Recorded information ▸
════════════════════

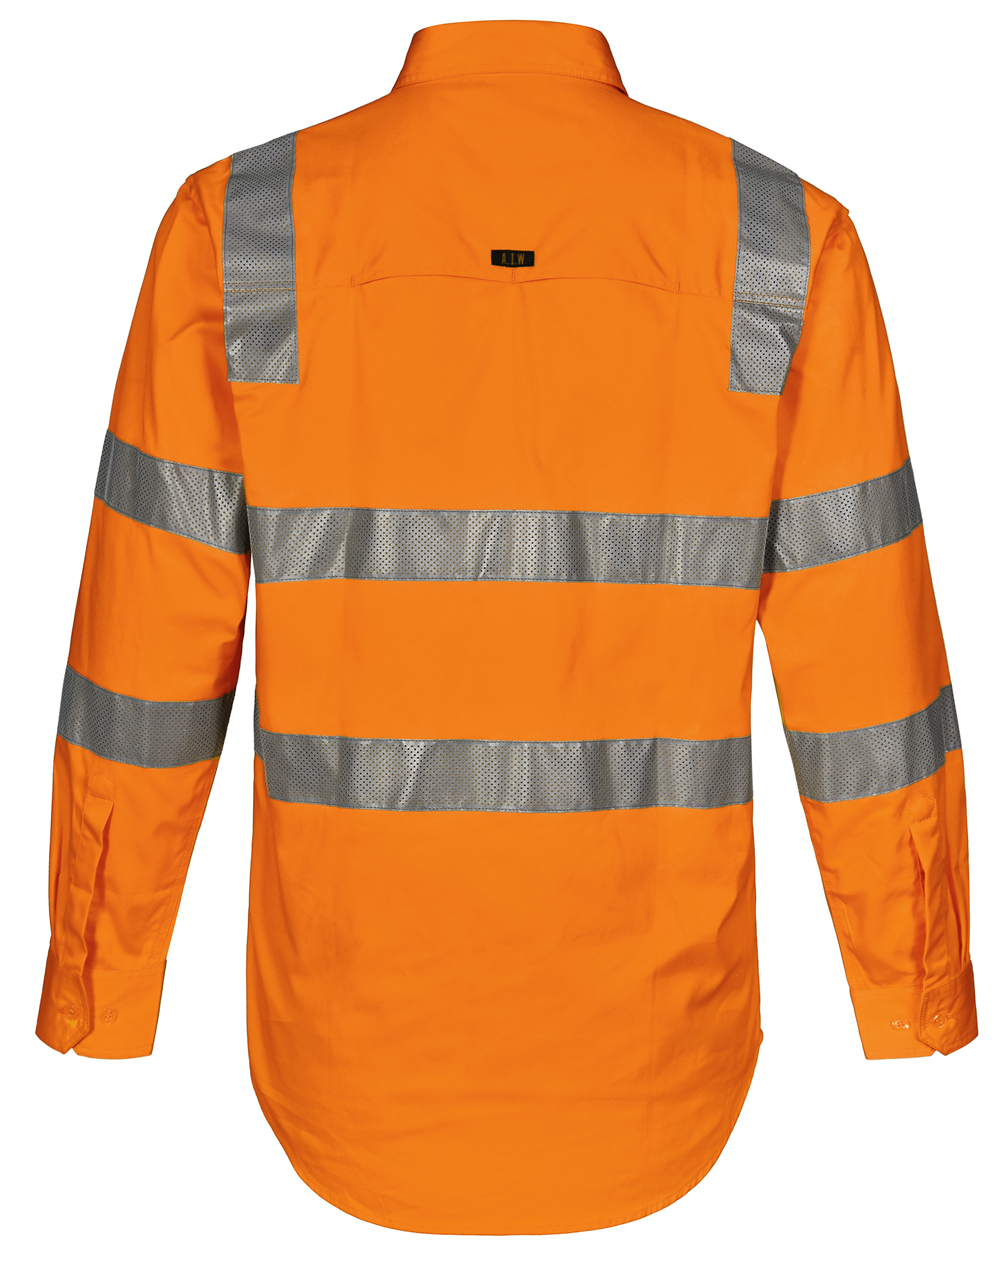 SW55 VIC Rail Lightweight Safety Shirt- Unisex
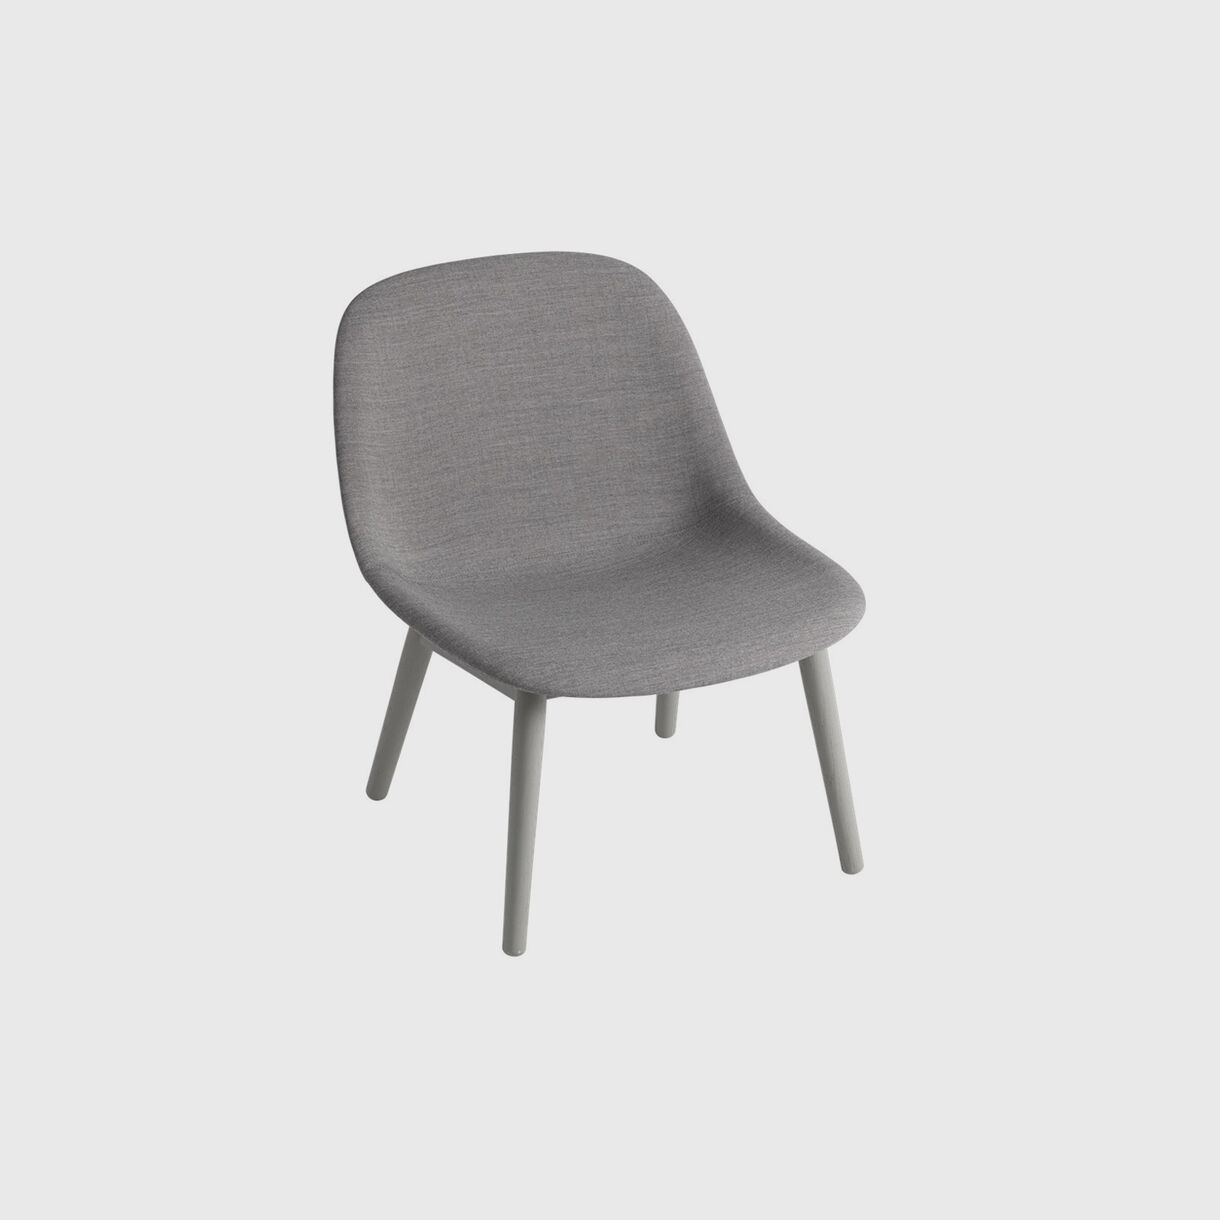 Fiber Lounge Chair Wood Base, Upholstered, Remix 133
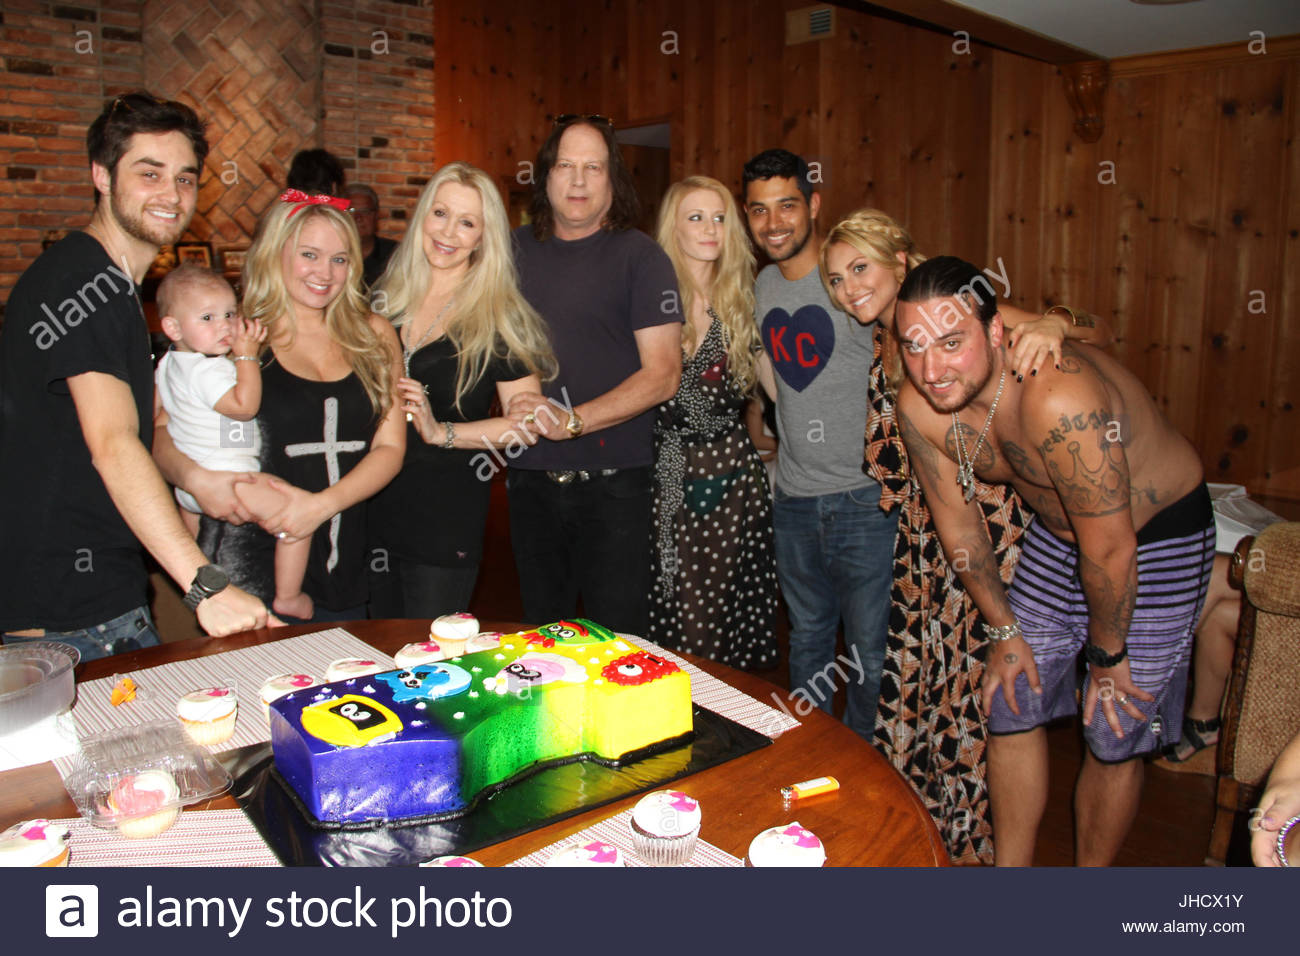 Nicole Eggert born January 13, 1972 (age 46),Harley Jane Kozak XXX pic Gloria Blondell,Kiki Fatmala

════════════════════

Work instruction ▸ From the line holding "Fiber Lounge Chair" to the last line of the listing, please output each line exactly as it stands. Pictures stay out of the copy.

Result of this exercise ▸
 Fiber Lounge Chair Wood Base, Upholstered, Remix 133
 Nicole Eggert born January 13, 1972 (age 46),Harley Jane Kozak XXX pic Gloria Blondell,Kiki Fatmala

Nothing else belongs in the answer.